Socialization of Health Care

First Published: 2006-01-27

Government has completed its work for the implementation of "the long-awaited National Insurance (NHI) project." The objective is to "finance" an "affordable" universal healthcare system for all Bahamians. In other words, nationalized healthcare.

Evidence of the effects of Socialization of Healthcare is readily available. In England and Canada the results are increased cost for declining service. Why would The Bahamas be any different?

All enterprise whether private or government must take into account economic efficiency, stability and responsiveness to consumers. Can a government bureaucracy meet these objectives, or is the Blue Ribbon Commission's Plan primarily to serve political objectives and insulate consumers of medical care from the fact of scarce resources and knowledge of how they would be utilized.

There is no end of propaganda to promote government managed health systems and a shortage of truth and fact about the way they function.

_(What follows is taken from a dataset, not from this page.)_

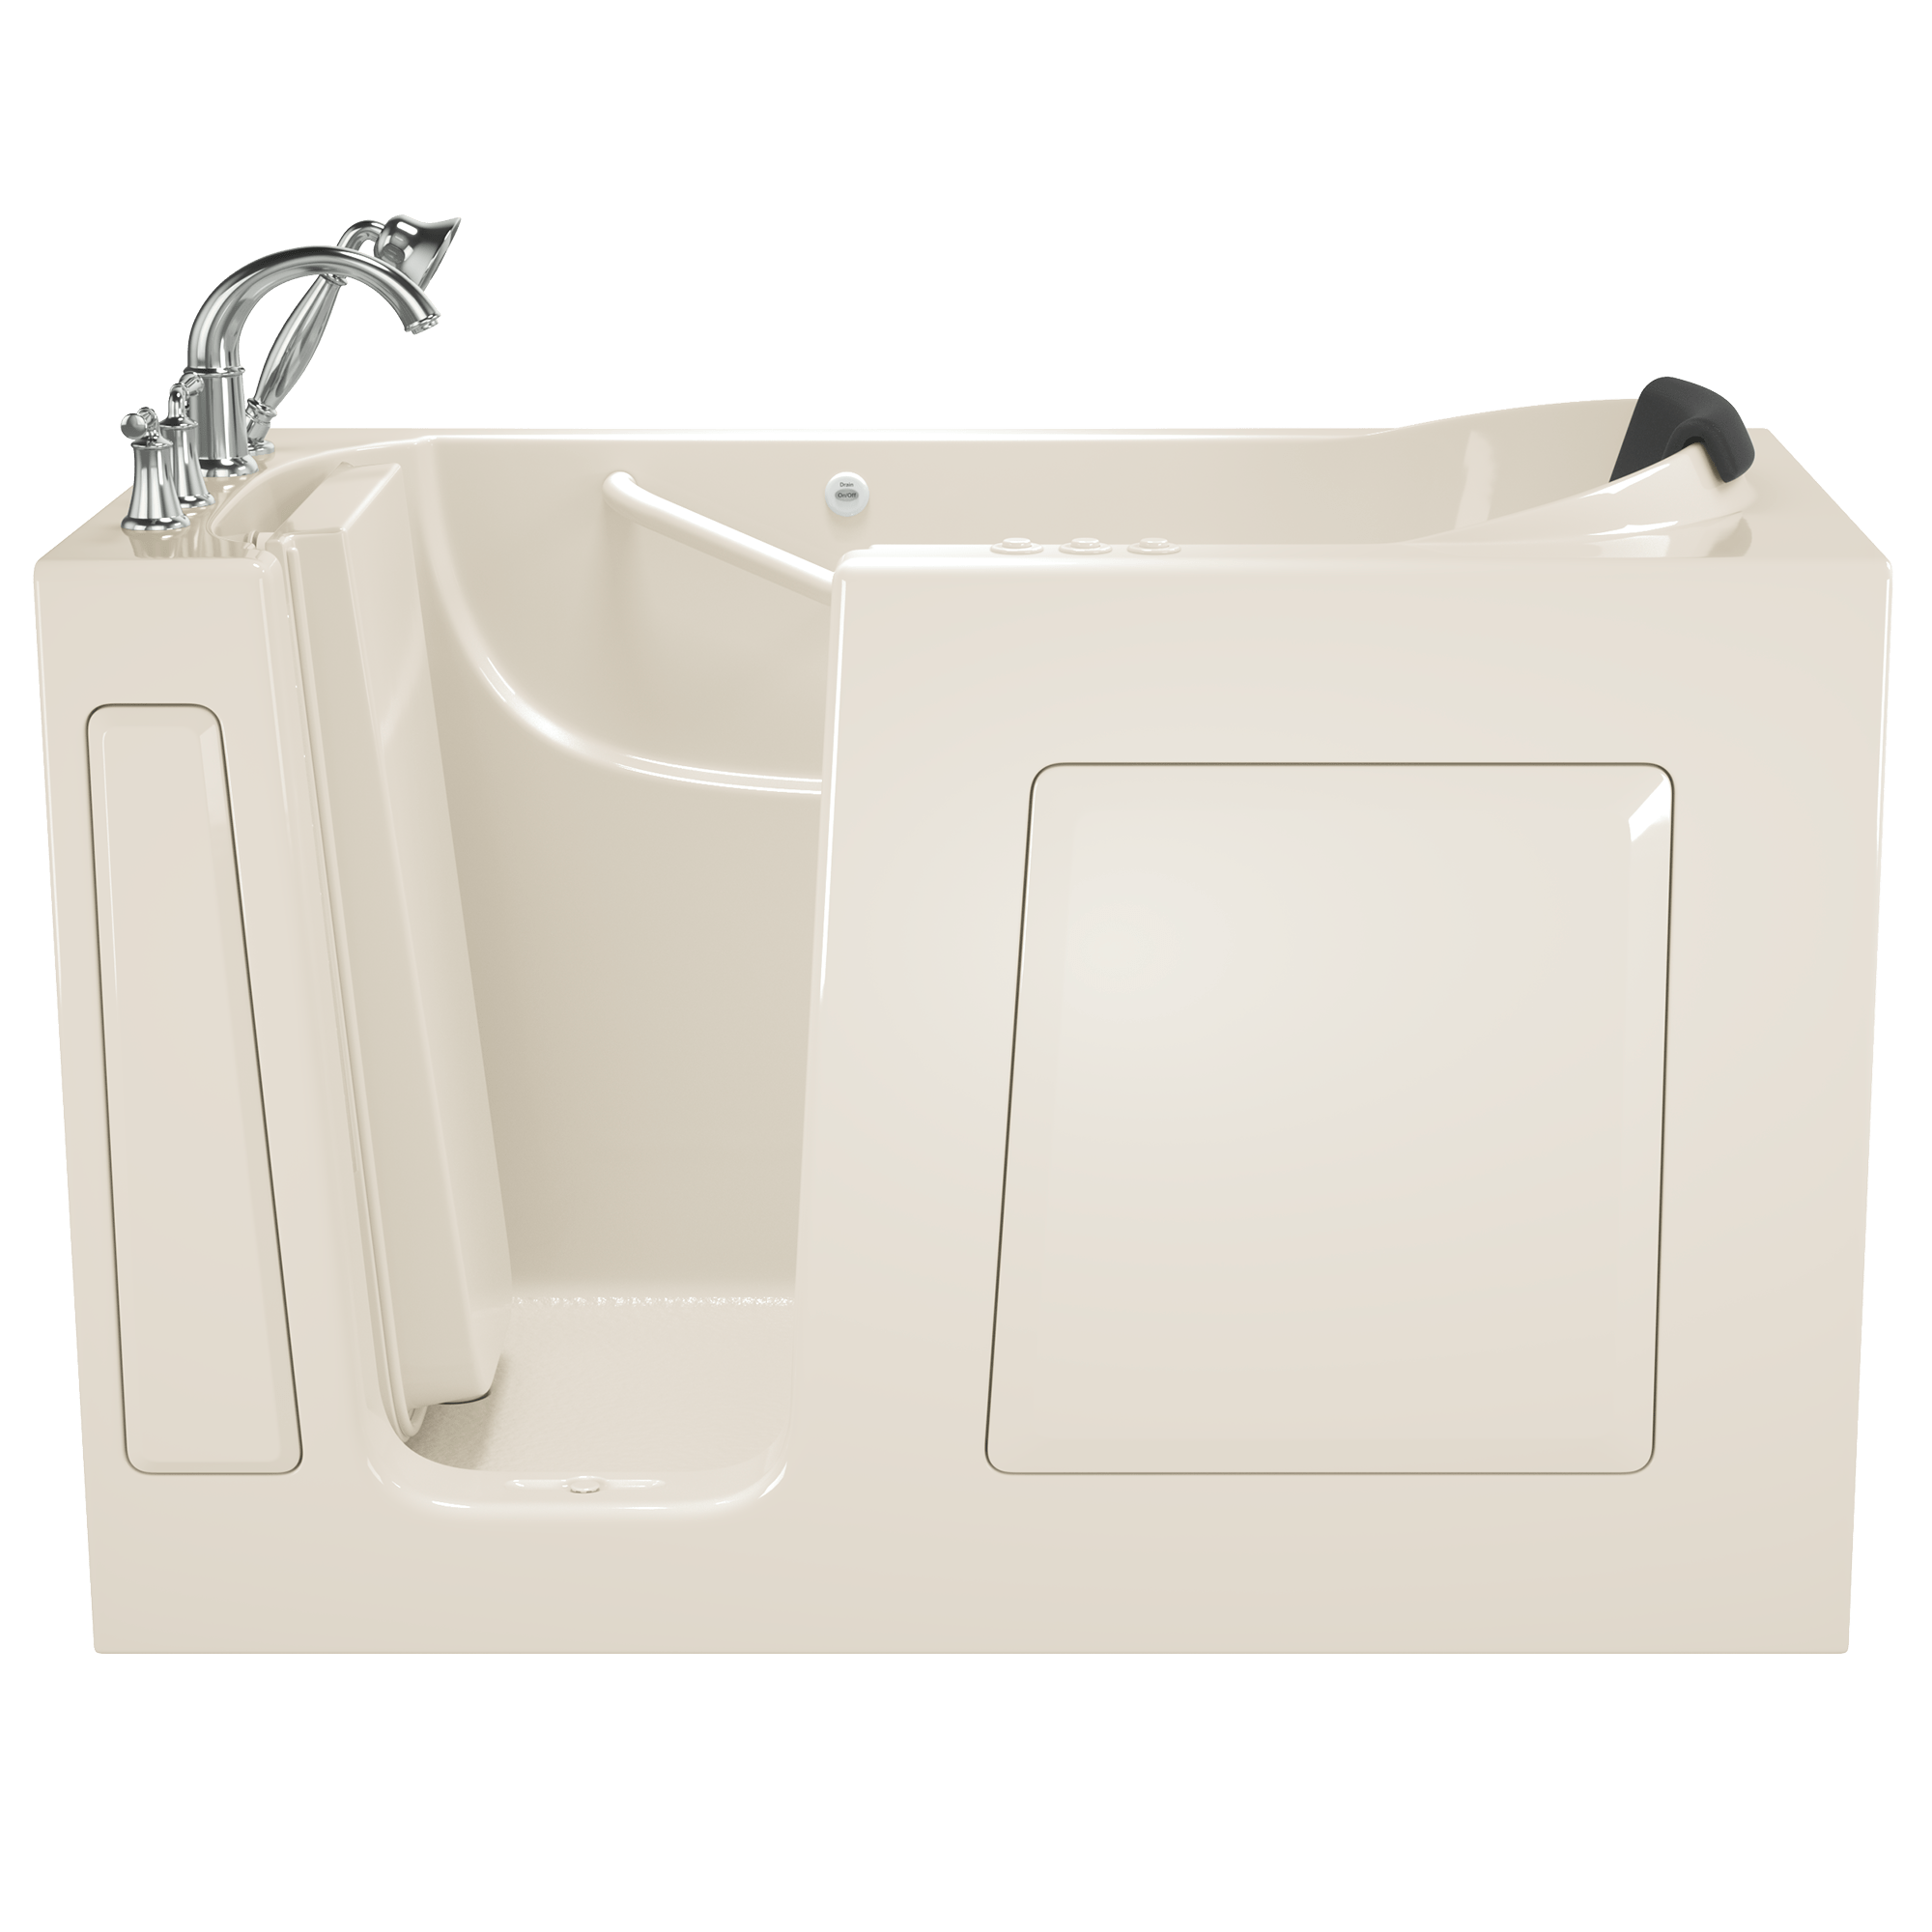 Gelcoat Premium Series 60x30 Inch Walk-In Bathtub with Dual Air Massage and Jet Massage System - Left Hand Door and Drain

Dr. Max Gammon, a British physician, and Nobel Laureate Dr. Milton Friedman explain why government bureaucracies cannot meet the objectives as set out in the Blue Ribbon Commission's Plan.

Gammon's Law

Dr. Max Gammon, a British physician who researches medical care enunciated a theory called Gammon's Law".

To explain the "disorder which for the past fifty years has surely been destroying our medical services", Dr. Gammon formulated a theory he called "the theory of bureaucratic displacement", which in a bureaucratic system is an "increase in expenditure will be matched by a fall in production". Such systems act like 'black holes' in the economic universe, simultaneously sucking in resources, and shrinking in terms of 'emitted production.'

Gammon's Law applies to all bureaucracies that are rigid systems, governed by fixed rules that tend to exclude individual initiative and eventually displace productive activity with counterproductive activity.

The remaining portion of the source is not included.